I have done the following:

Define $\phi_n(x)$ is the Legendre polynomial of degree $n$. Using the fact that \begin{align*} \int^b_{a} f(x)dx &= \frac{b-a}{2}\int^1_{-1}f\left(\frac{b-a}{2}x+\frac{a+b}{2} \right)dx\\ &= \frac{b-a}{2}\sum^{n}_{i=1}w_if\left(\frac{b-a}{2}x_i+\frac{a+b}{2}\right) \end{align*}

with

$$ w_i = \frac{2}{(1-x_i^2)[\phi_n '(x_i)]^2} $$

where each $x_i$ is a root of the polynomial $\phi_n(x)$, I have applied this logic to the double integral case and obtained

$$ \int^1_0\int^1_0 F(x,y)dxdy = \frac{1}{4}\sum^n_{i=1}\sum^n_{j=1}w_i w_jF\left(\frac{1}{2}x_i+\frac{1}{2},\frac{1}{2}y_i+\frac{1}{2}\right) $$

with

$$ w_i = \frac{2}{(1-x_i^2)[\phi_n '(x_i)]^2} \ \ \text{ and } \ \ w_j = \frac{2}{(1-y_j^2)[\phi_n '(y_j)]^2} $$

However, this logic has not worked under implementation (using C++ code).

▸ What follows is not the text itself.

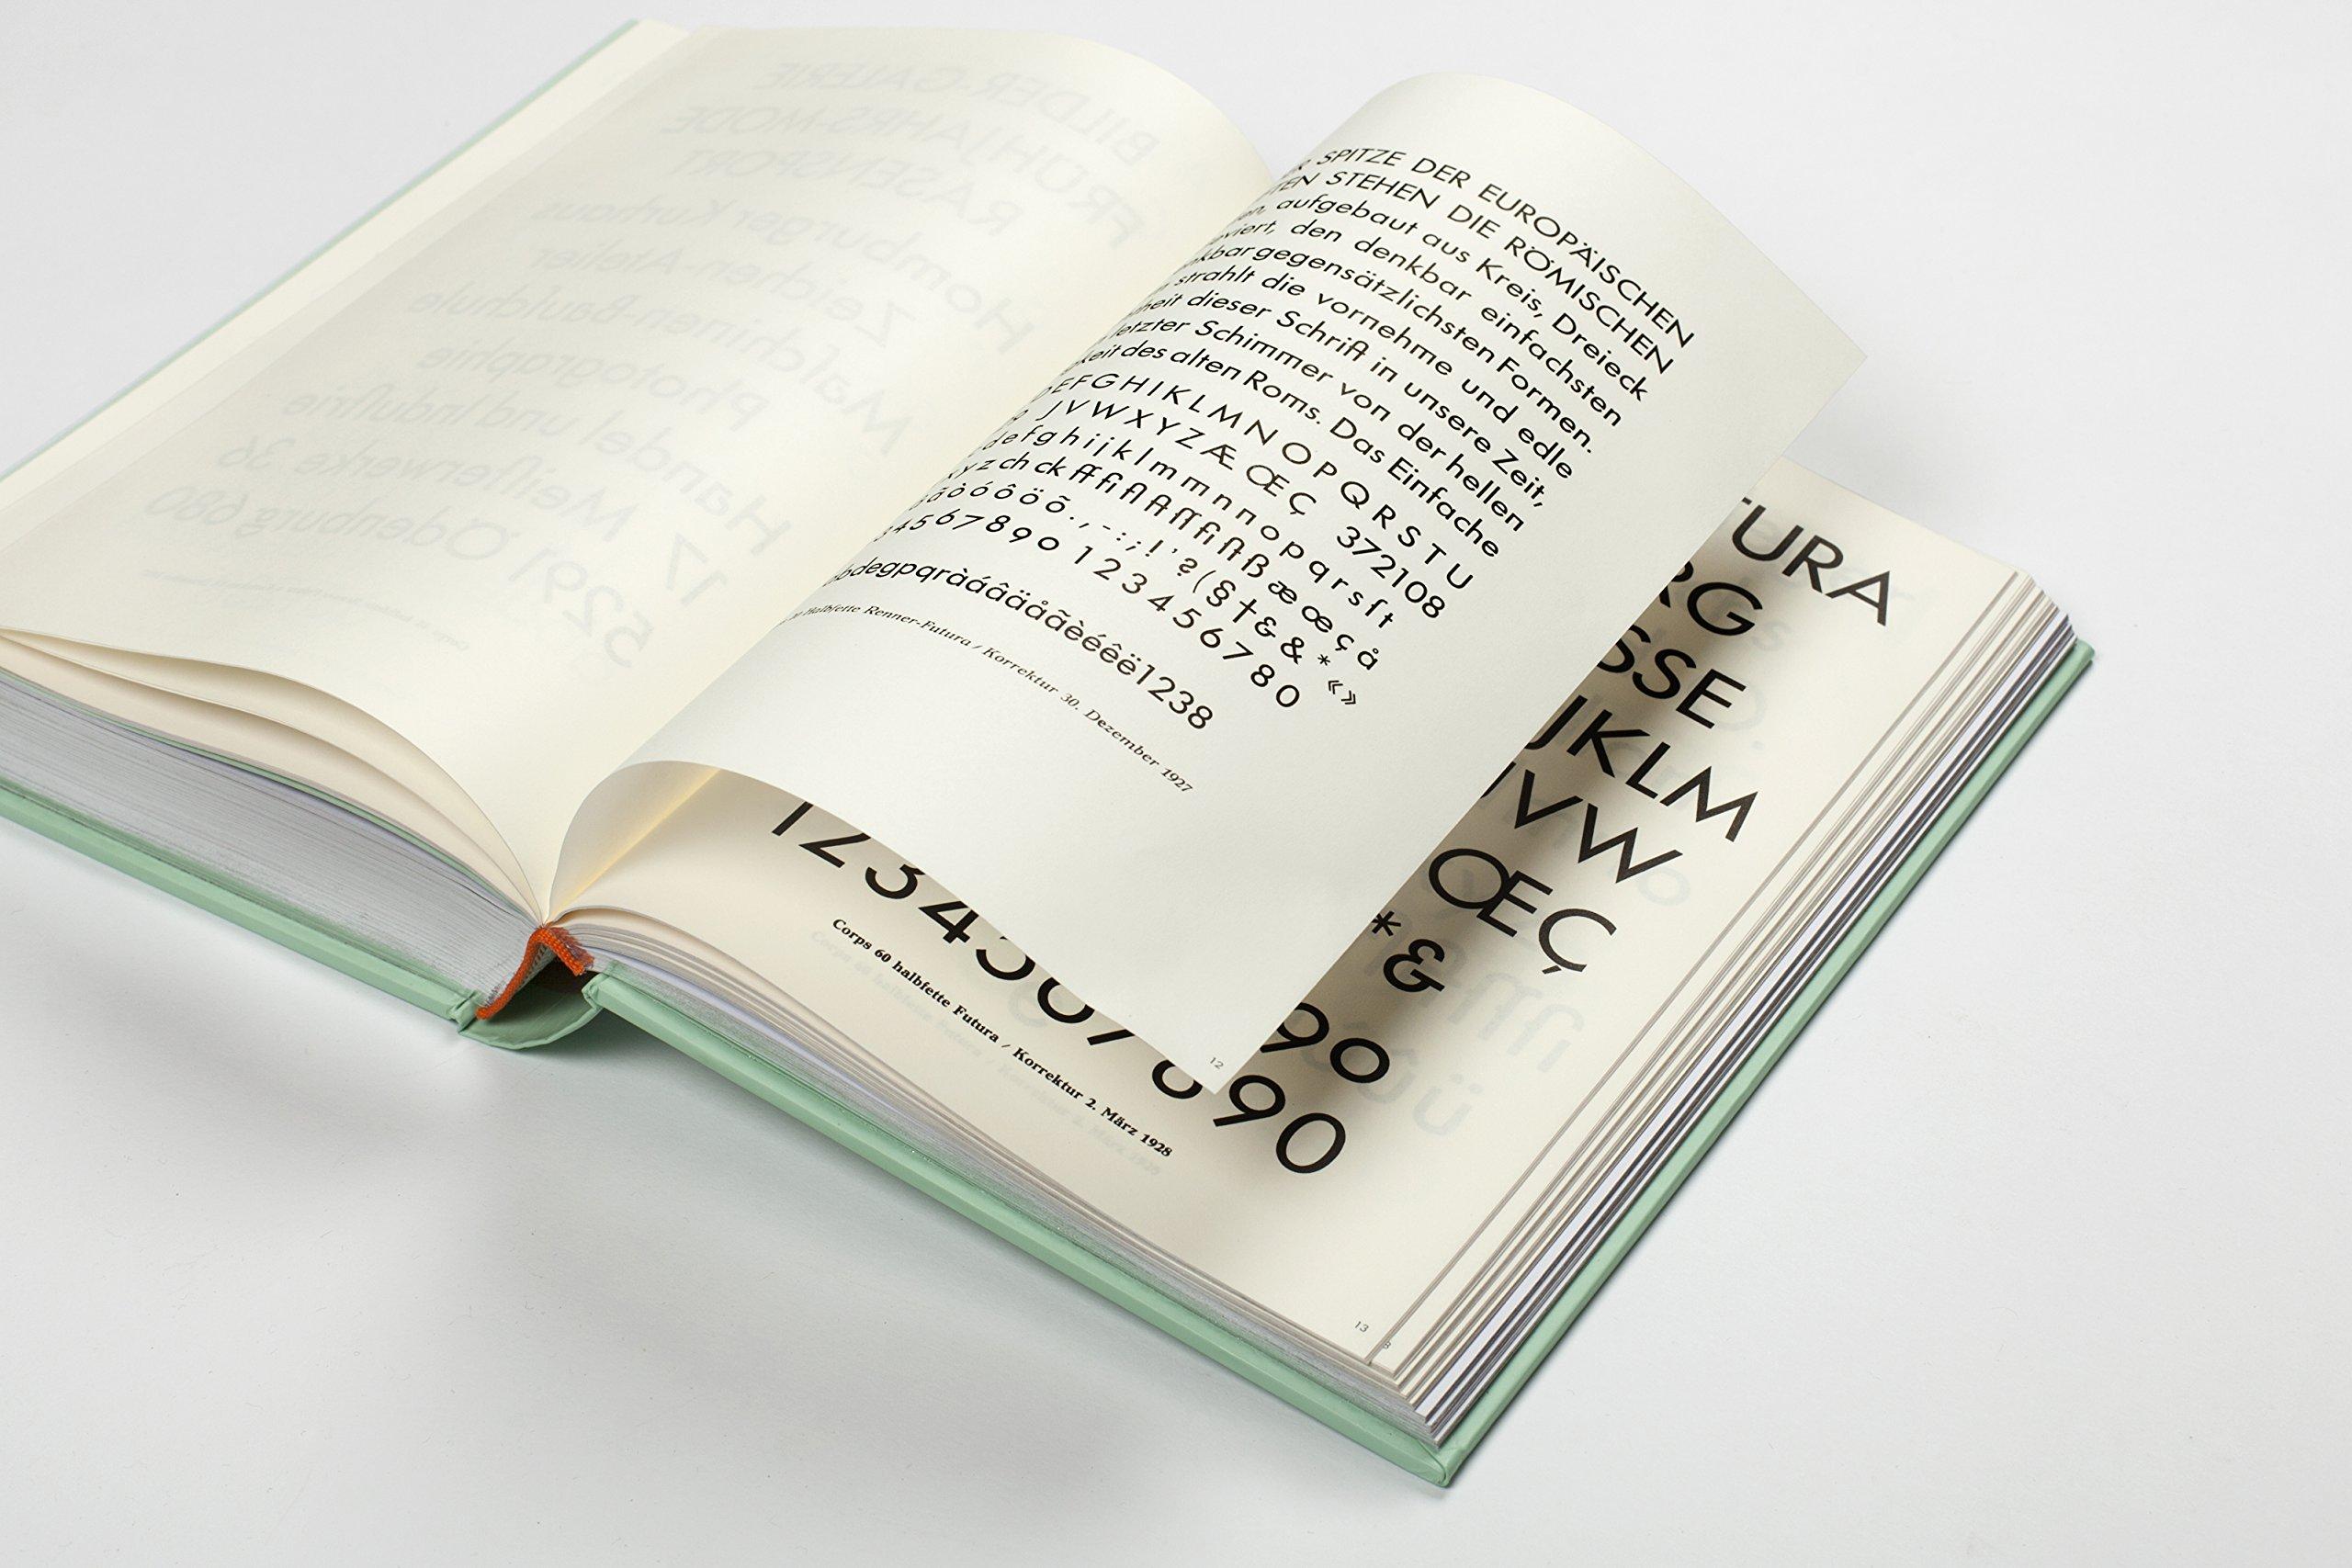 Futura Standard Book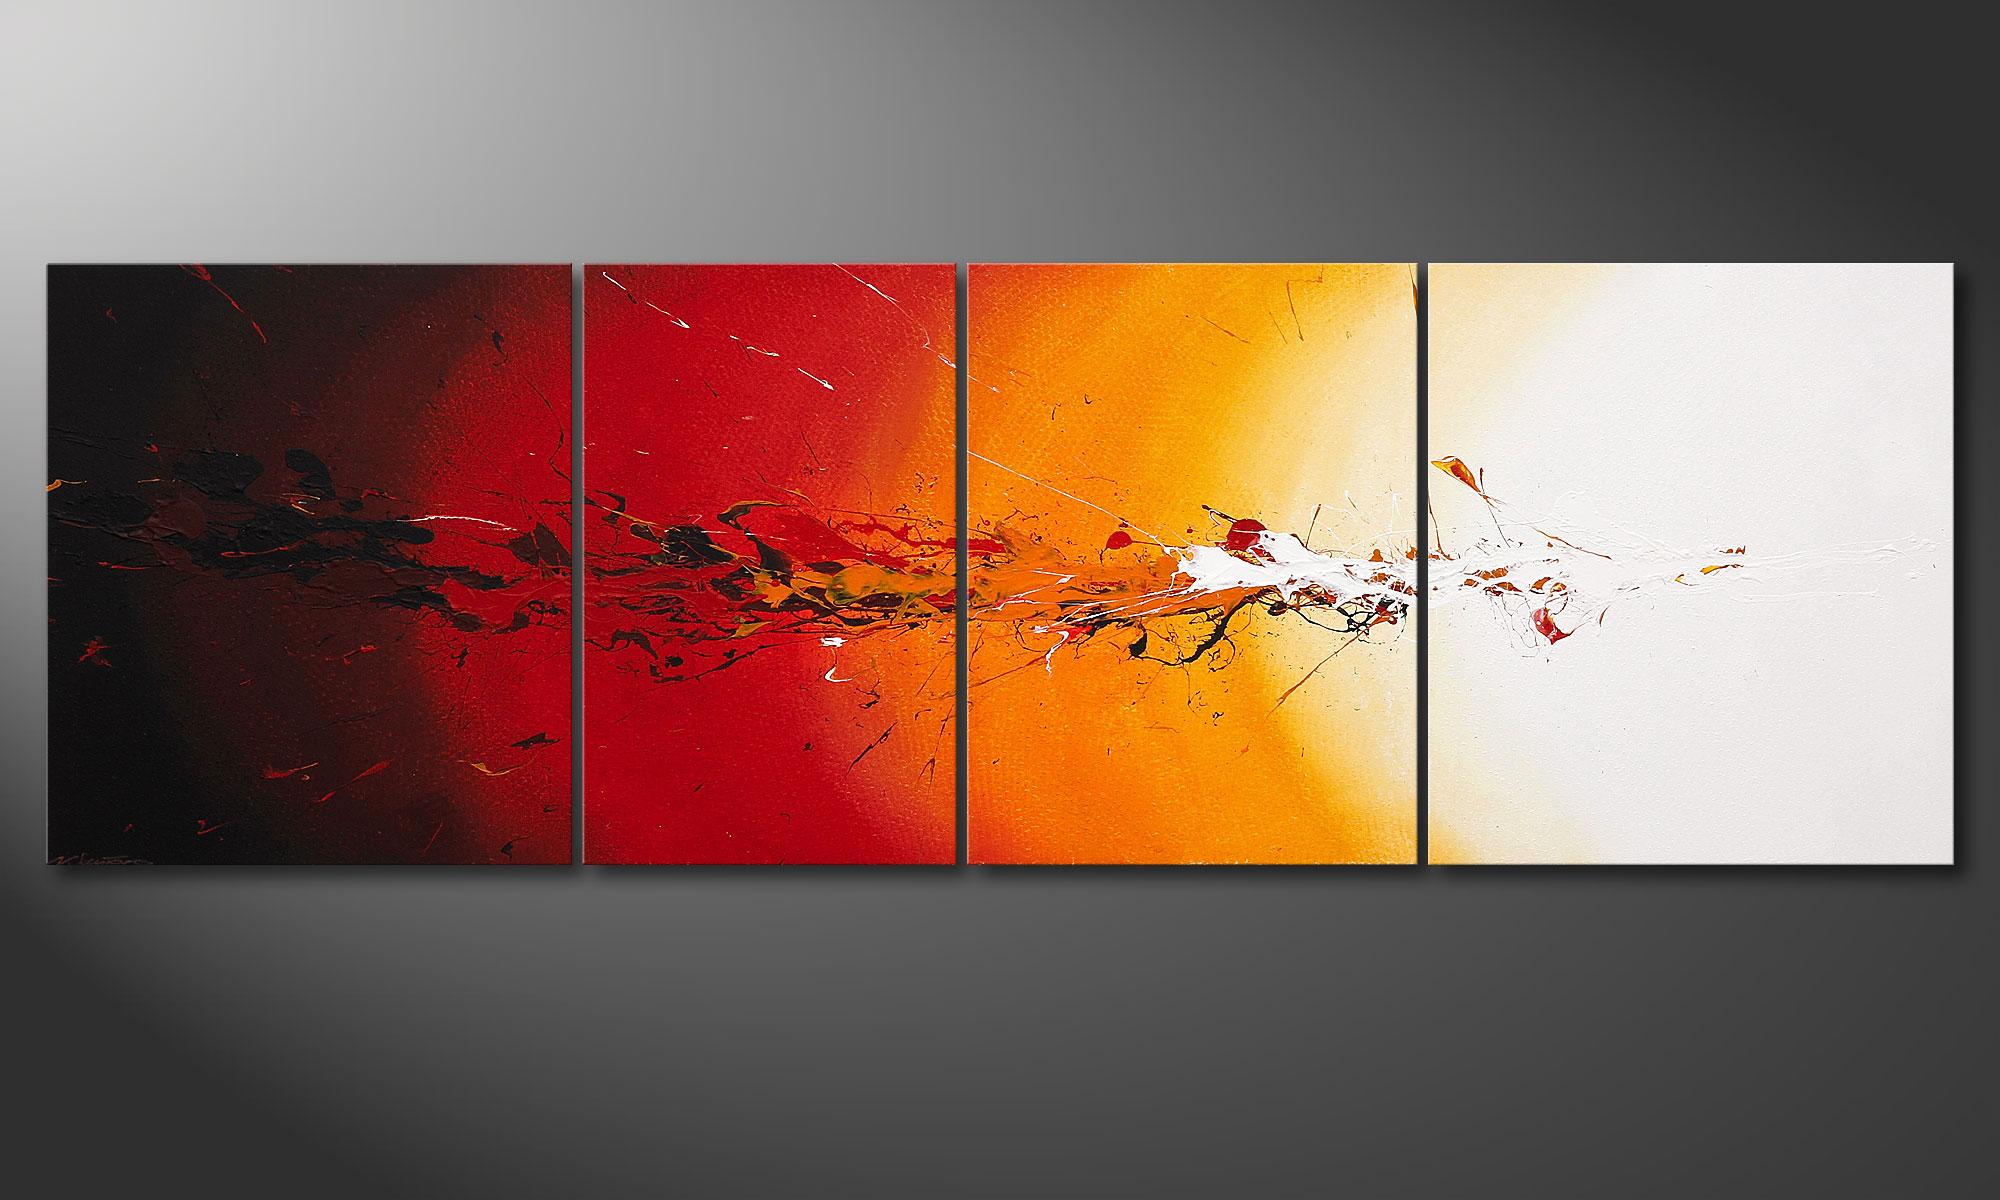 Tableaux peints a la main Formats XXL La toile peinte Fiery Splash xcm

Is the logic here sound? Or have I oversimplied the issue?

Your help will be appreciated.

Note, I looked throughly online and on this website for an and couldn't find anything conclusive - if there is a link, I would appreciate it if you could direct me over.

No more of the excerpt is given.